To move into secure attachment we need to show up and be around people who show up for us in ‘extraordinary ways.’ Frankly, I hate having to say it that way. The truth is I seek to normalize the belief that showing up isn’t extraordinary we are just out of practice. The very act of showing up allows for people to build safety, they creating opportunities for people to be seen and validated, and teaching approaches to soothing so they can do those things for themselves in a secure way. (I’ll illustrate this further in future posts.)

We give people everything because we believe they require something of us in order for us to be worthy of their love, in order for them to want to give their love to us

Since childhood is where we form those core beliefs that shape our adulthood, maybe our deep values that we’ve just assumed are about the depravity that we have felt. We never readily made a connection between what we beleive about ourselves, our values, and what how we are hoping to live. We abandon ourselves because if we carry core beliefs we are not in alignment with then theres no need to be in this body. This is not my life we say. Instead we avoid the value that might be directing our course unconsciously. And this value is high on the priority list. Higher than the ones we might believe direct our lives. We dissociate because of the incongruence in ourselves.

…I want someone to love me (that one is a bigger value that arises without your consent)

…I need to be needed

…I want to be validated

…I want to be seen as successful and receive approval. 

The truth is here is where ego takes over. We judge others based on the moral standard and imperative is that we have created. We are forcing others into the very shackles we have struggle to free ourselves from. An interesting note here, the anchor isn’t what keeps a boat in place it’s the chain spread out over the bottom of the sea. We are then weighed down by the many repetitive experiences that were part of our reality. We use these easy set of ideals and values to drive our life. Sometimes when we wake up to the fact that we are not living our life but someone else’s, by way of values we don’t agree with, we resist and rebel from anything that seems conditional. Yet we quickly learn that seemingly so many things are conditional.

Stop taking the bait by following the norm:

Stop abandoning yourself for the sake of showing up to me in ways that don’t serve either of us. I need to own what is mine and you need to own what is yours and only from that place of equality can we build something. If I ward away my responsibility and my truth and stay small and others have to go searching fo us then time is wasted and our truth is squandered 

Stop focusing on conditions and focus on your needs. If your needs are not met then establish expectations, boundaries, or end the connection. Find ways to thrive and to live your truth without pushing to make someone else relevant or worthy. Your life is not meant to make others feel special. Thats a cop-out to you and to them. Your life is meant to share your love from where you are while respecting others from where they are.

Stop playing into victimhood and into a drama about content never really do we stop to realize that the context of our story and how we frame it is everything. If we frame it in the context of pain, or of scarcity, or of the outcome that we are craving then there’s really little opportunity for success or satisfaction.

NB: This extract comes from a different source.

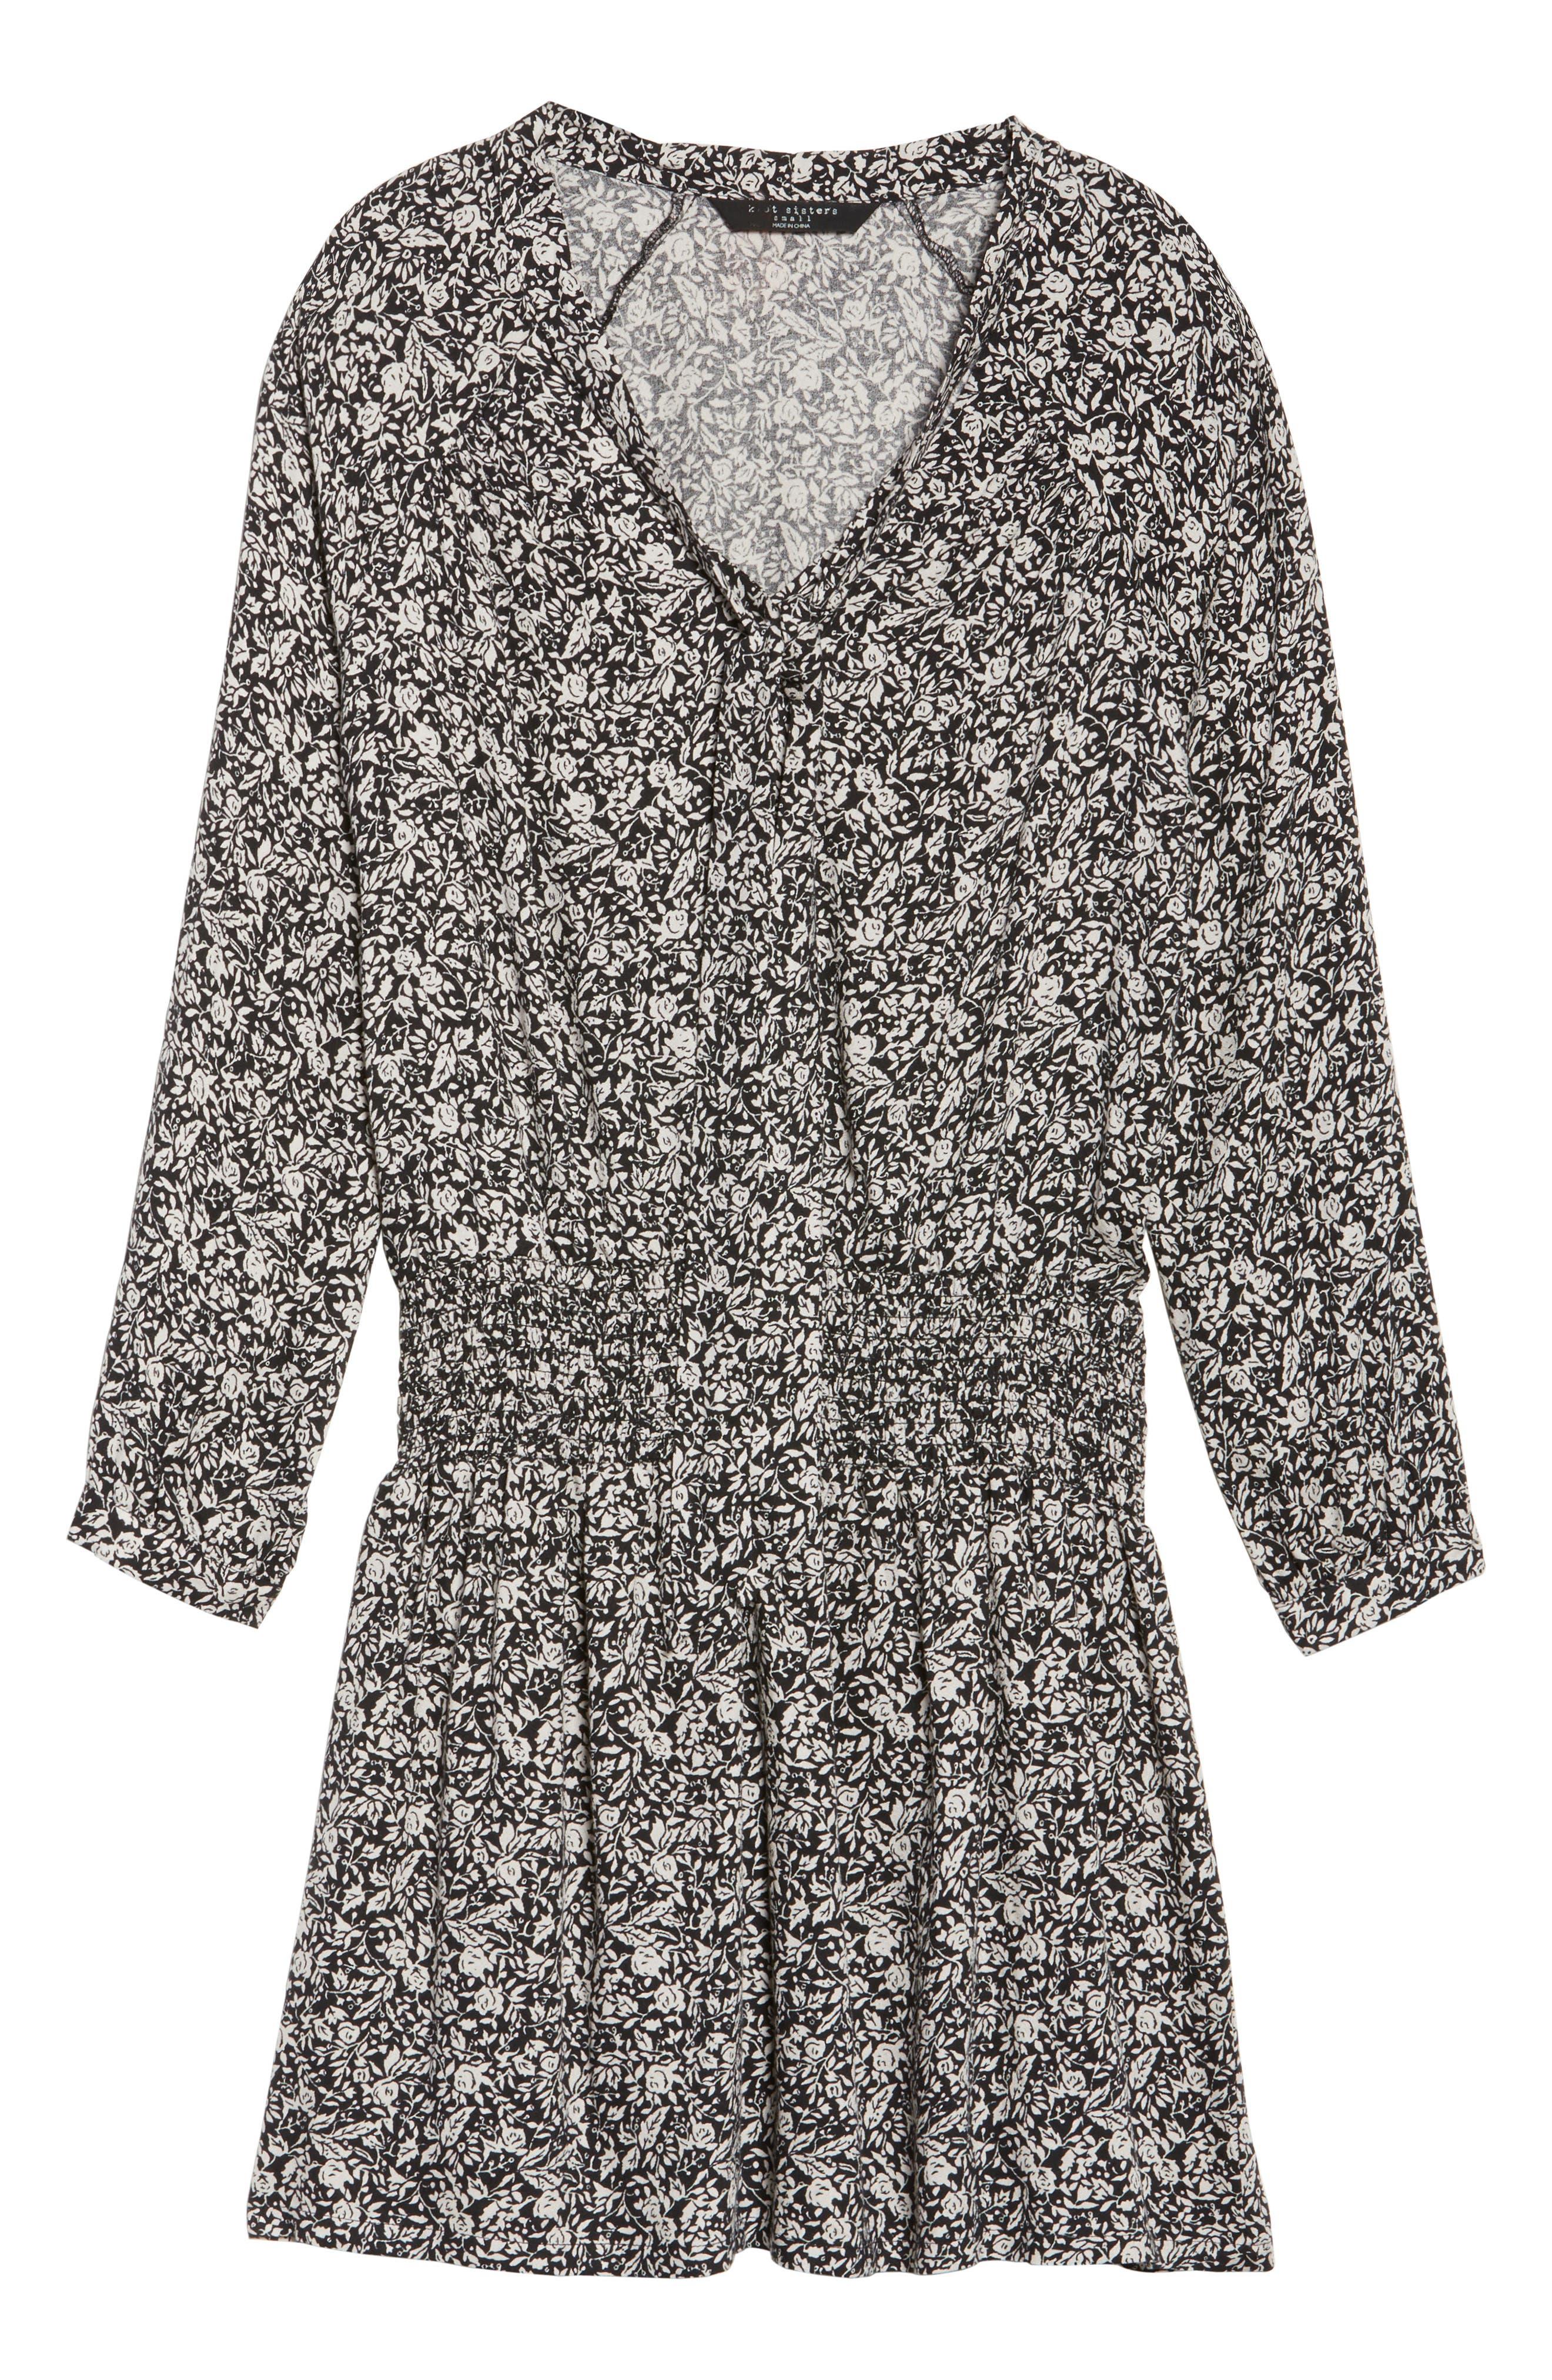 Ivy Blouson Dress,                             Alternate thumbnail 6, color,

Lean into the surrender of not being able to control where you love goes or how it is received. It just is. 

Learning to Receive:

Sometimes we are not ready to love big and often I think it important first to get better at receiving. How do you receive? Are you ashamed when someone compliments you or celebrates you? 

You don’t stop loving because others have stopped. This is what leaves the world idle and without hope. Hope is created by those who take a stand. Those people who dig in and believe in something larger than themselves. When we take a stand for what we believe we are practicing our values and able to illustrate for others what we envision. This is crucial as creating and propagating a new narrative of how to love is all of our responsibility. We all have that capacity.

  • So here’s to your unconditional love.

  • Here’s to rounding out your capacity to show up to yourself and to others.

  • Here’s to being more readily who you are and to finding out who that is daily.

How to listen versus how do we speak :

To love well we have to actively listen without listening through our filters and projections. If we aren’t listening and acknowledging ourselves then there’s no room for someone else. We get angry at the very idea of needing to listen. Stop running away from listening to yourself. What is still in need of healing? We are running away because it may be daunting. I often hear my clients say this is hard Francisco. I often reply back I know it is. I’ve been trying to do it. This is a practice not a destination you arrive at. It’s about direction and believing in the direction we’ve set ourselves out on. It’s not forcing an outcome for ourselves or others. 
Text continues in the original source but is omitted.